The software quality processes of PMD are equipped with a standardized continuous integration (CI) routine establised with a clear guideline1. Developers can easily find directions on how to contribute to bug reports, documentations, and questions in line with the code standard set by PMD. In general, the development process of a contribution to PMD includes building locally, checking code style by checkstyle, creating a pull request (PR), waiting for review, and finally, getting the PR successfully merged. Specifically, the PR will be reviewed by one of the core developers together with five CI checks. The processes are well-ordered and efficient.

Continuous Integration

Since PMD 6.30.0 the project is deployed using GitHub Actions2, a continuous integration and continuous delivery (CI/CD) platform used to automatically build and test in the deployment pipeline. GitHub Actions builds a PR on Windows, Linux, and Mac3. Furthermore, git-repo-sync prevents occasional adhesion of unrelated repositories and deletion of branches that have the same names. An overview of checks in PRs can be found in the figure below.

Figure: Pull Request checks

On top of GitHub Actions, PMD uses Coveralls as a service to keep track of test coverage of the whole project (47% currently) and individual folders.

Figure: Use coveralls to check coverage changes

Moreover, pmd_test is generated as a assistant tool by Danger which is not directly visible in the PR checks. Danger generates violations, errors report to lint the rote tasks in daily code review. In the report 4, it shows the PMD violation, error and config error for openjdk-11, checkstyle and spring-framework. An example of report is #issue 3842:

Figure: Additional checks generated by Danger

Test Processes

After analyzing the repository, we have found that PMD has unit tests for the components in pmd-core and for each specific language in the Language modules. Additionally, there are also basic command line interface tests, and regression tests (using Pmdtester5) to ensure there is no unexpected behavior. To ensure the quality of new rules, a guideline for testing rules is provided in the documentation6. The test coverage of the repository, as calculated by Coveralls, can be found in the figure below.

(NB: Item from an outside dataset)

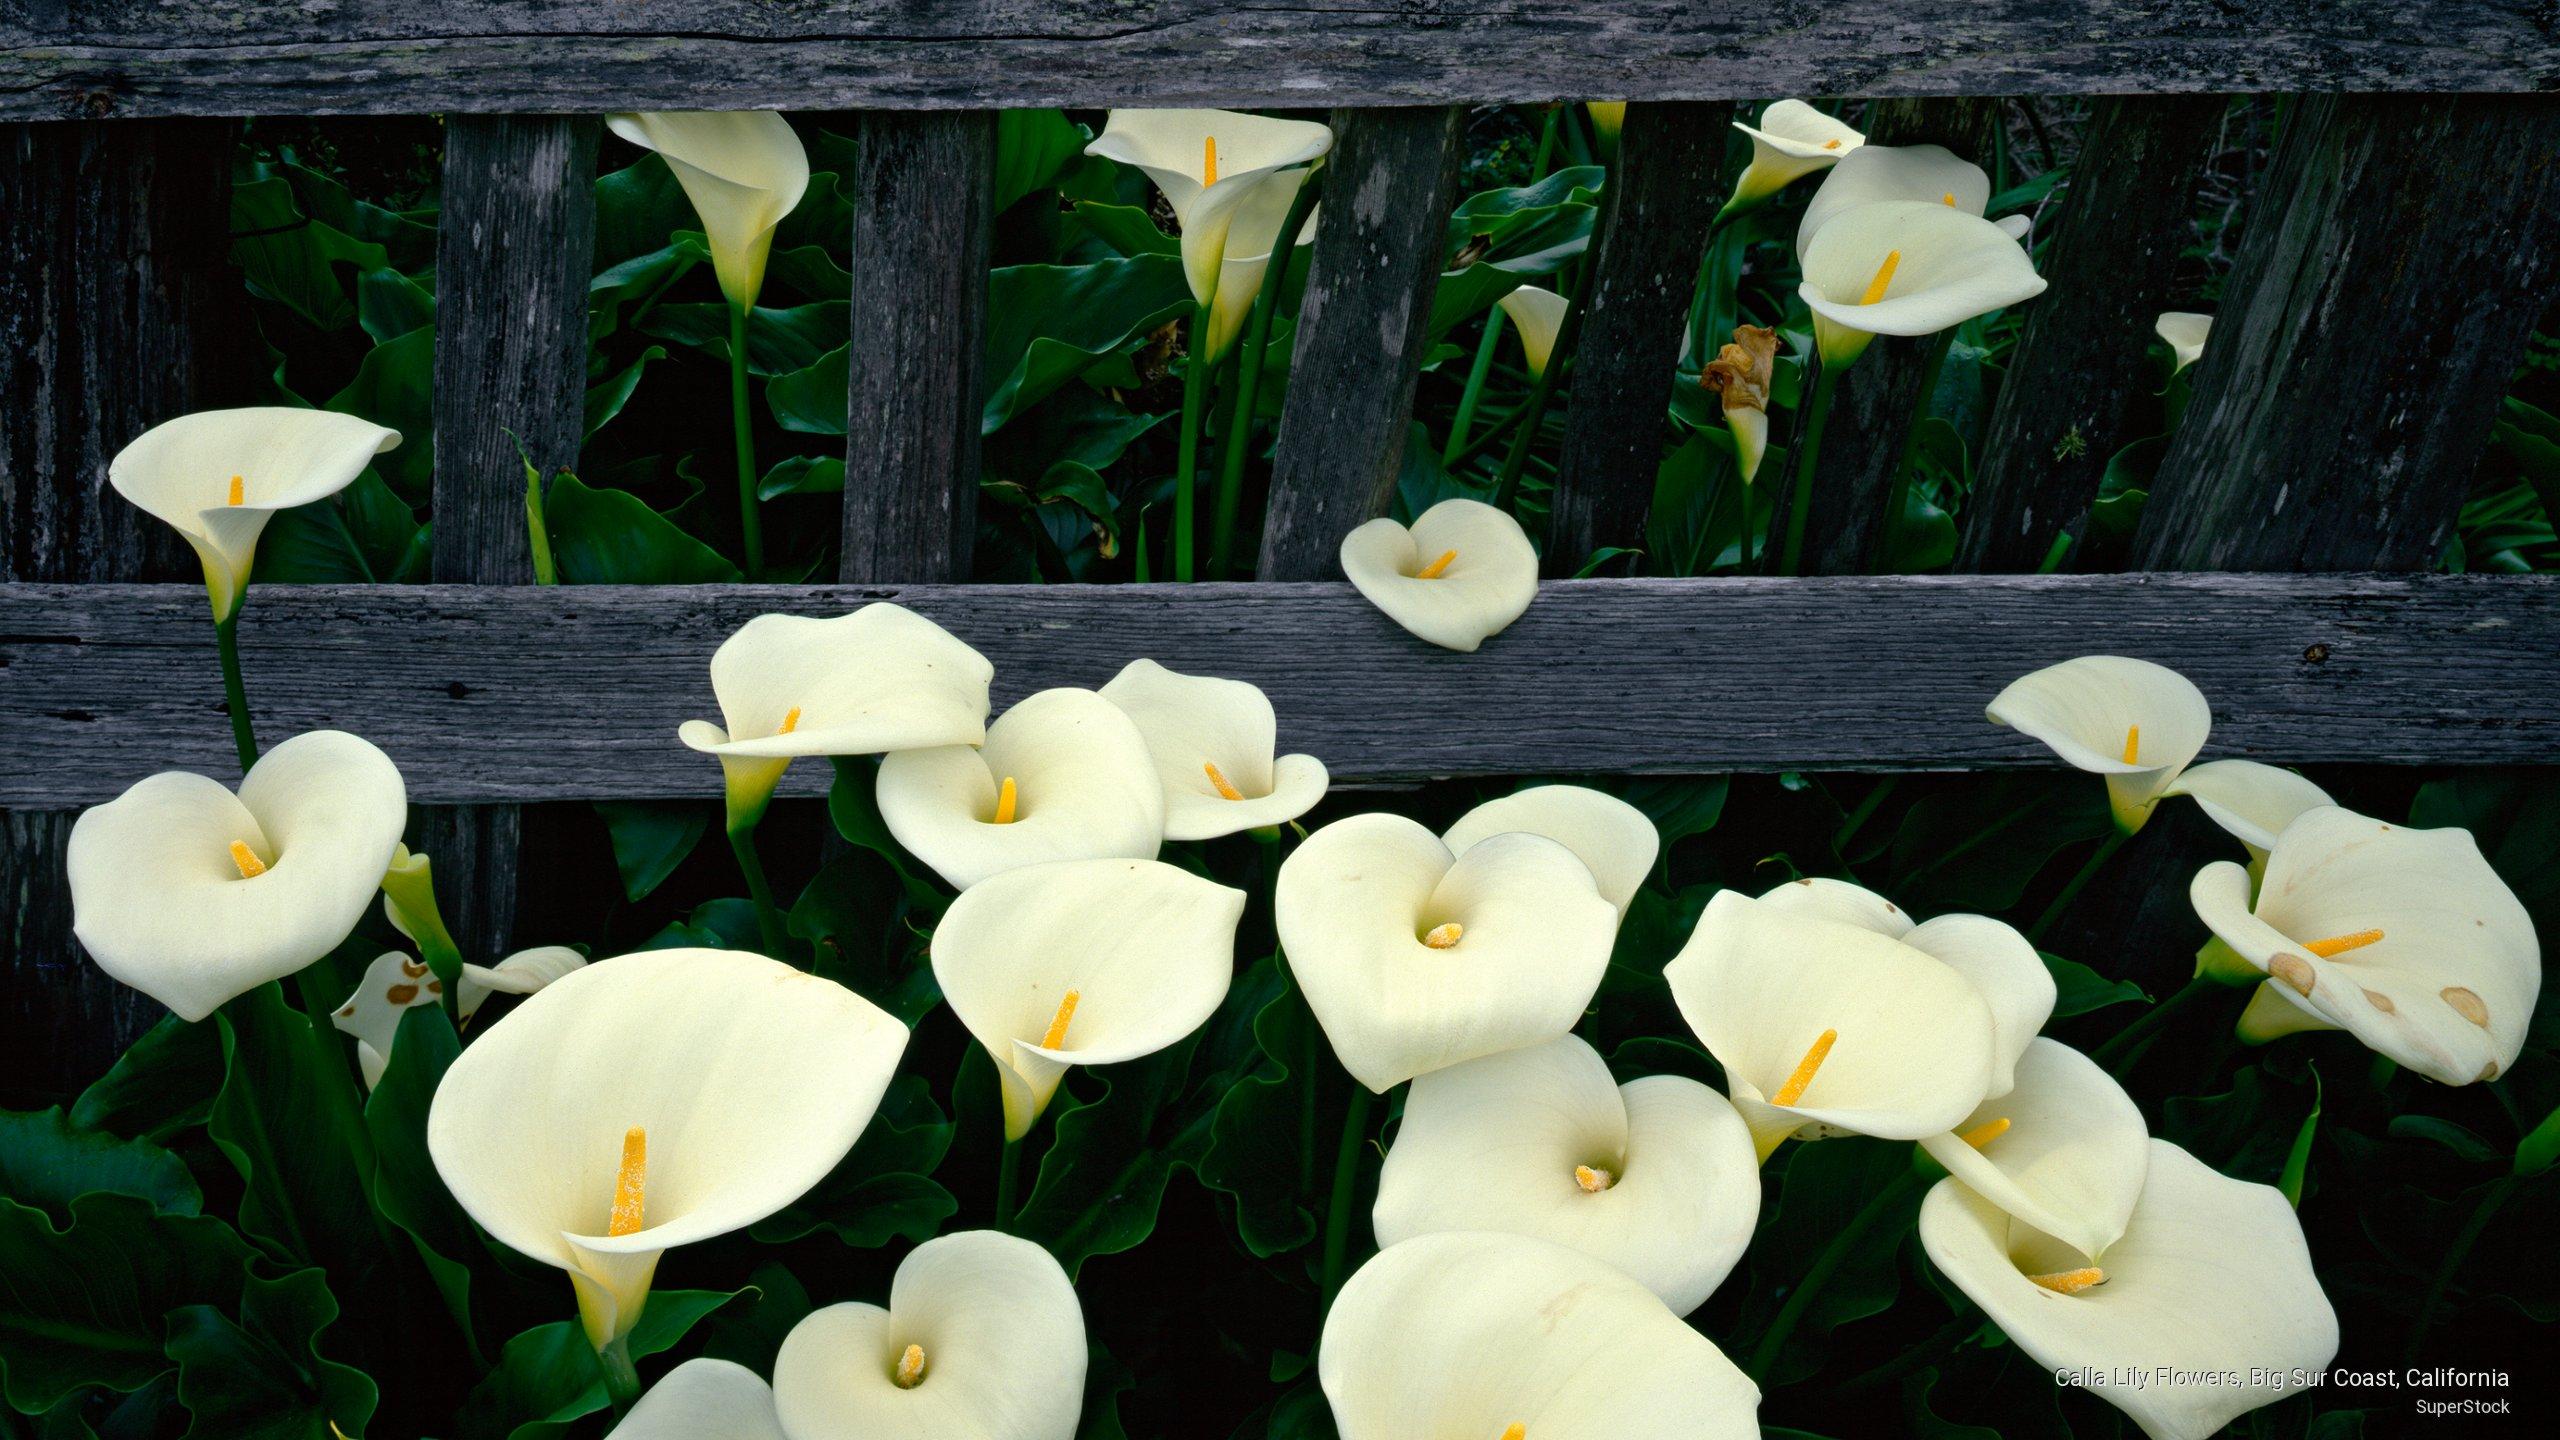 Calla Lily Flowers, Big Sur Coast, California

Figure: Test coverage provided by Coveralls

The low test coverage of pmd-core is mainly caused by PMD.java, which has a coverage of 38.26%. However, most of the untested parts are related to deprecated methods. The test coverage of the two major Language modules of PMD, pmd-apex and pmd-java, is relatively high with 86.41% and 82.31% respectively. For most of the other Language modules, there is room for improvement regarding test coverage.

Hotspot Components

After specifying the standards of continuous integration and test processes, we may expect steady progress to develop and improve the software. However, this is usually not the case: some packages need careful planning, implementation and strict testing, or some files need frequent changes because of low performance or bugs. These components are called hotspots. We will walk through file-level and package-level hotspot components of PMD with the help of two powerful tools, Pydriller7 and CodeScene, and discuss how modularity has become the core of the development process of PMD. Also, we will shed light on serviceability in PMD’s growth.

File-Level Hotspots

From 2002 when the initial commit of PMD was pushed to Sourceforge8, till ten days ago when the most recent pull request was merged9, PMD always centers at PMD.java and supplements functionalities in other files when necessary. It is noticeable that the entry point of the program should adapt to upcoming customer needs, and CodeScene tells that 26 commits on average indeed happen in this central file every year; but if we inspect the details of the following bar charts, we will find the growth and main concentration of PMD: parsing Java syntax, forming an understanding of Java classes/objects, refining other modules, highlighting its power on Java and Apex… What’s the next step of PMD? Within the past two months, a new Java file PmdAnalysis.java was born with 21 new commits1011. Why not just sit back and observe how PMD developers are composing to make their tool more intelligent?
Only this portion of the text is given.